Sunday, July 02, 2006

Football and the Officer Class

Obviously, the unanswerable questions of motivational guru Watt (What?) Nicoll (see below) played a large part in England's dismal World Cup display - not least in the sending off of Wayne Rooney, a man whose limited intellect had been utterly macerated by Nicoll's question "Do you want to be a winner, a champion, a hero or a legend?" But another possibility has been nagging at me these last few days. Do we need middle class footballers? Talking to Michael Collins - author of the wonderful The Likes of Us, web site here - we found ourselves wondering if the real genius of Alf Ramsey was his constructed aura of being pure-bred, imperturbable English middle class, the sort of man for whom it would be only right to live and die.
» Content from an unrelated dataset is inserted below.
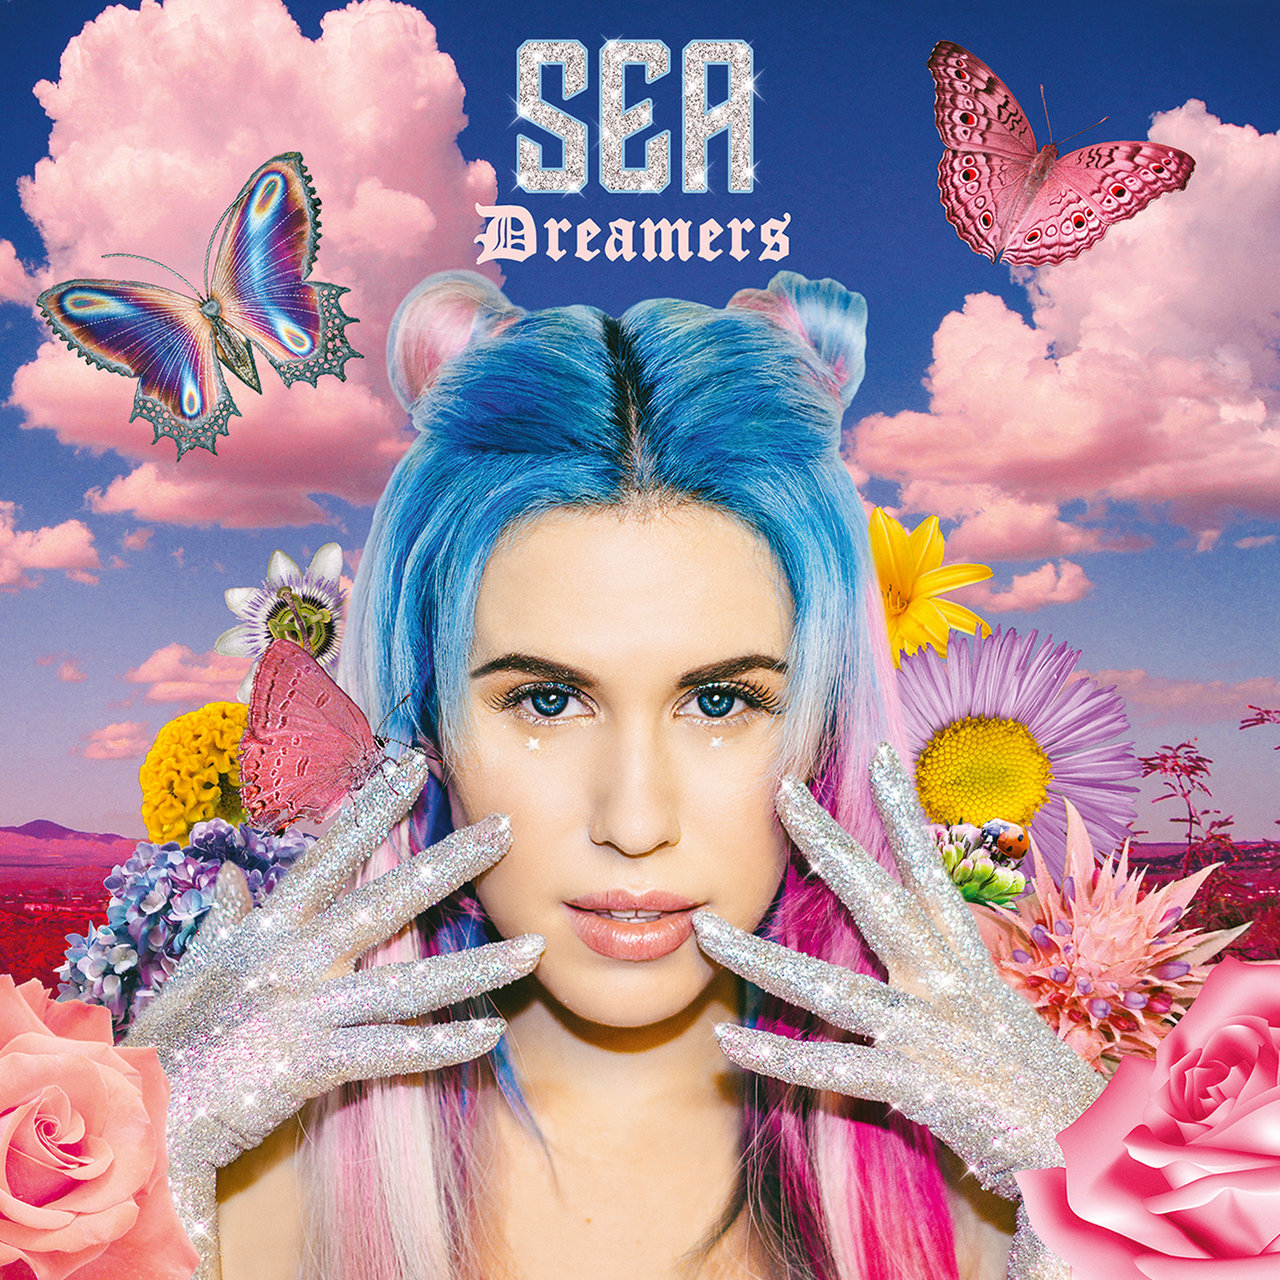 SEA Dreamers cover artwork

But perhaps the problem goes deeper. Plainly the present England squad is overwhelmingly under- or working class. This means we are ignoring as much as half of our population pool. Even if the proletariat is twice as good at football as any other social group, we would still be declining to use, say, 25 per cent of our best players. Furthermore, these players would tend to be more articulate when confronted with the likes of Nicoll, less liable to brawling and infinitely more consoling in post-match interviews. As a natural officer class, they would also have been able to explain to Sven, perhaps in faltering, schoolboy Swedish, the palpable idiocy of his tactics. It is time the middle class sorted out this shower, brought some tone to what so far has been little more than a vulgar brawl.

1 comment:

  1. Bit late in the day I know but reminds me of a friend's favourite boxing moment when a British fighter, expected to slaughter his opponent, managed to win but in not very convincing manner. His post-fight interview contained the immortal line, "You may not have liked how I done it, but done it I did."